A pista estava lotada, luzes verdes formavam um quadrado em cima dela e as pessoas estavam mais sorridentes do que o normal. Quando o DVS1 entrou triunfal com BPMs baixos ainda, eu fui tomada por uma emoção que me fez chorar emocionada. Muitos braços se levantaram e os olhos se fecharam para sentir os graves perfeitos saindo de um dos melhores soundsystem do mundo.
Ficamos por um tempo dançando com o techno pesado do DVS1 que sempre exige atenção e parece ter sido feito sob medida para o Berghain. Não é som para conversar na pista. É para mergulhar nele. Eu, que nem sempre estou no clima de seus sets, neste dia o abracei.
No Berghain é tudo superlativo. Ele não tem essa aura toda à toa. Sua arquitetura imponente assim como tudo à sua volta. Este fim de semana estava sendo comandada pelo coletivo queer Mala Junta, o que explicava tanto a profusão de espanhóis quanto a pulseirinha do club com a frase “Lo que no me mata me alimenta”.

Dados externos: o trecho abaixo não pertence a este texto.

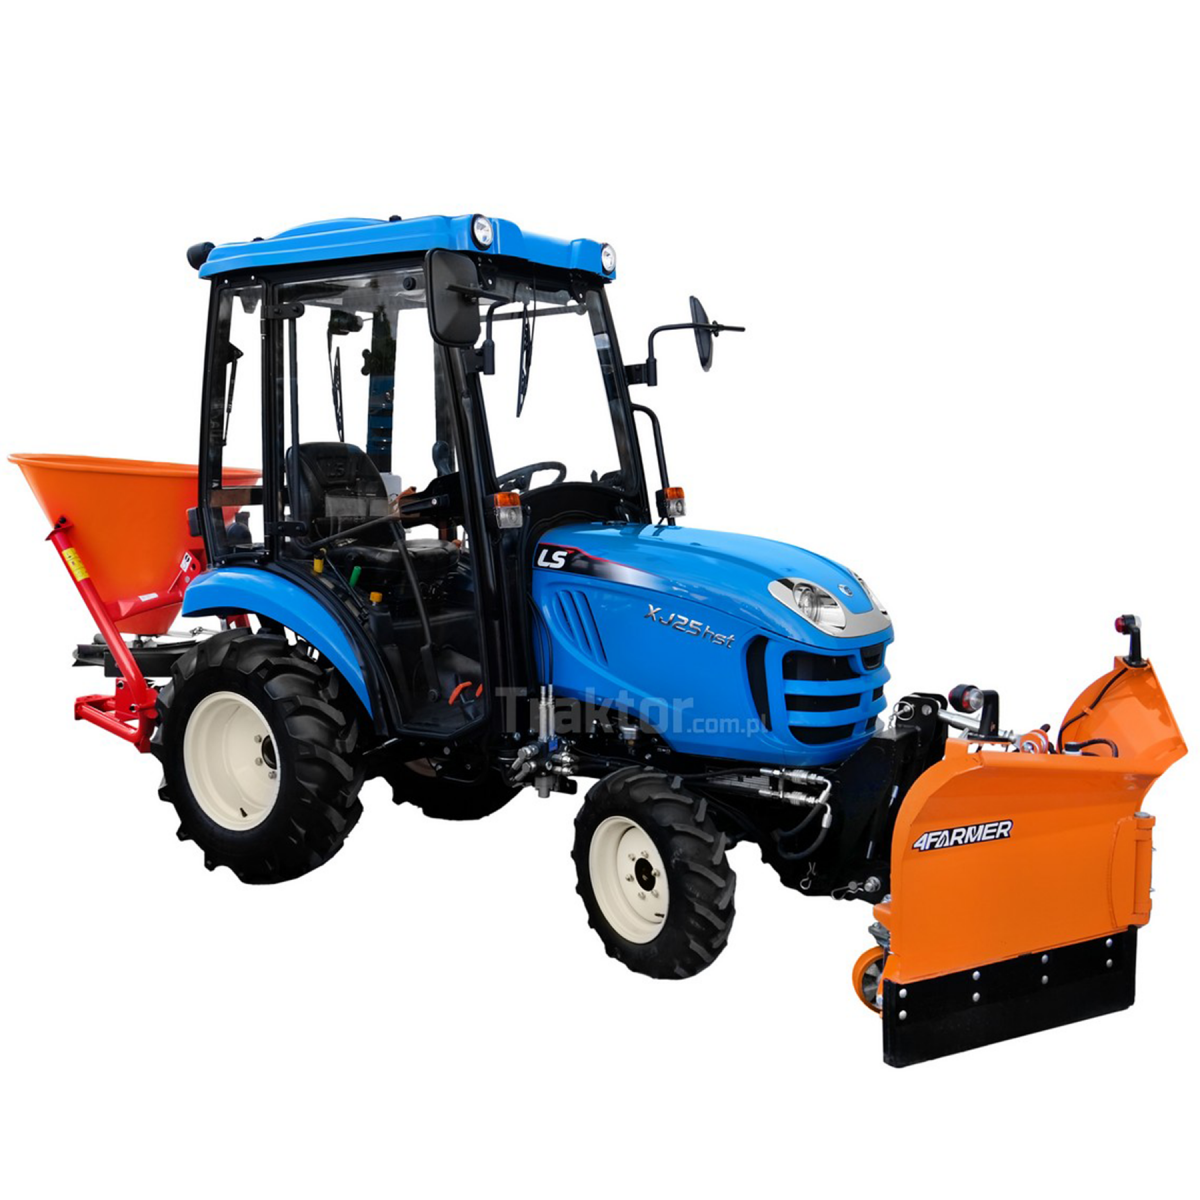 LS Tractor XJ25 HST 4x4 - 24.4 HP / CAB + Vario arrow snow plow 150 cm, hydraulic 4FARMER + 200L Dexwal spreader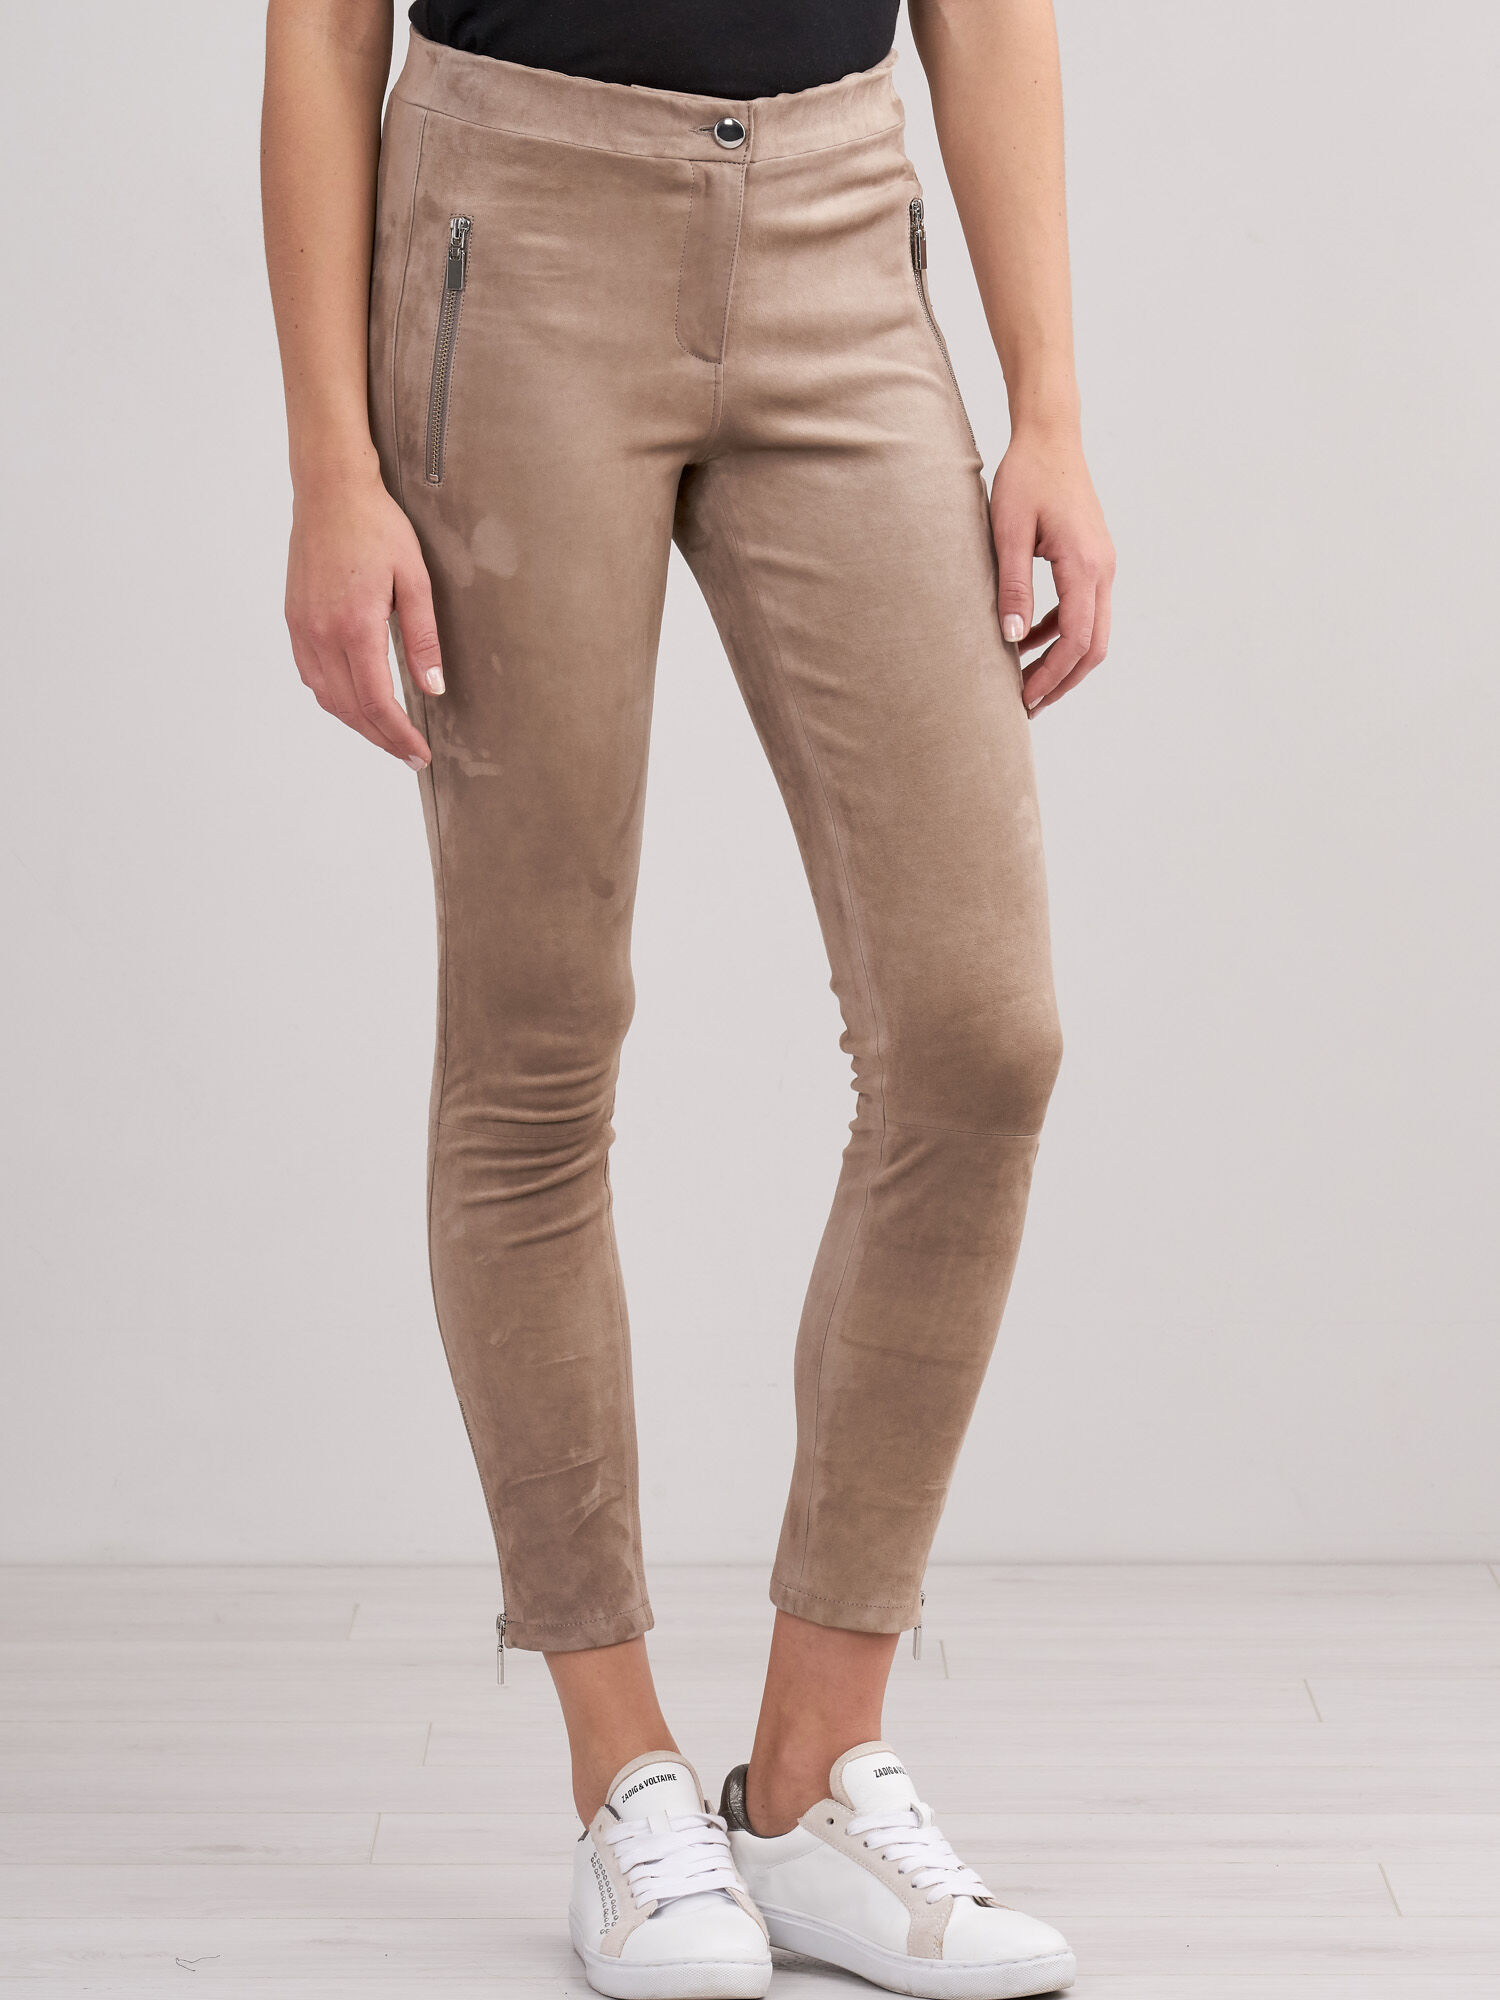 Ralph Lauren Suede Leather Pants for Women  Mercari

Depois fui dar uma volta pelo Panorama, onde o israelense Roi Perez fazia um set divertido com direito a pancadão (pancadão no Berghain? What?). Pela primeira vez achei a noite leve, as pessoas mais soltas e risonhas. Encontramos amigos de pista, conversamos, rimos e dançamos. Não foi uma noite longa, pois a segunda-feira estava batendo na porta cheia de coisas pra fazer, mas como minha amiga disse, foi “short but sweet”.
A vida está voltando.
Por que sumi?
Eu ando desaparecida porque tenho sentido uma exaustão que tem me colocado num estado de apatia. A conta da pandemia chegou. Passei esse um ano e meio me ocupando o suficiente para não entrar em paranóias. Construí muita coisa, mas fiquei cansada. Agora vou abrindo mão de coisas que não fazem sentido e não é fácil.
Voltei aqui pra reaquecimento, pois uma das coisas que mais me deu prazer em fazer durante a pandemia, foi a #Espiral, que me levou a tantos lugares e pessoas.
Tenho uma lista imensa de leituras, de séries e achados pra compartilhar, mas agora estou aqui esparramada na cama de um hotel em Barcelona esperando a hora do casamento de uma das minhas melhores amigas, a Amanda Foschini, amiga que a pista de um festival (o Dekmantel 2016) me deu de presente.
Então hoje, deixo apenas essa crônica sem te encher com milhões de links. Aproveite para respirar também, para não fazer nada e para voltar a pensar no futuro, mas sem abrir mão do presente.
A minha única recomendação hoje é a série “Sex Education”, que pode ser bem teen, mas tem muita coisa pra nos ensinar.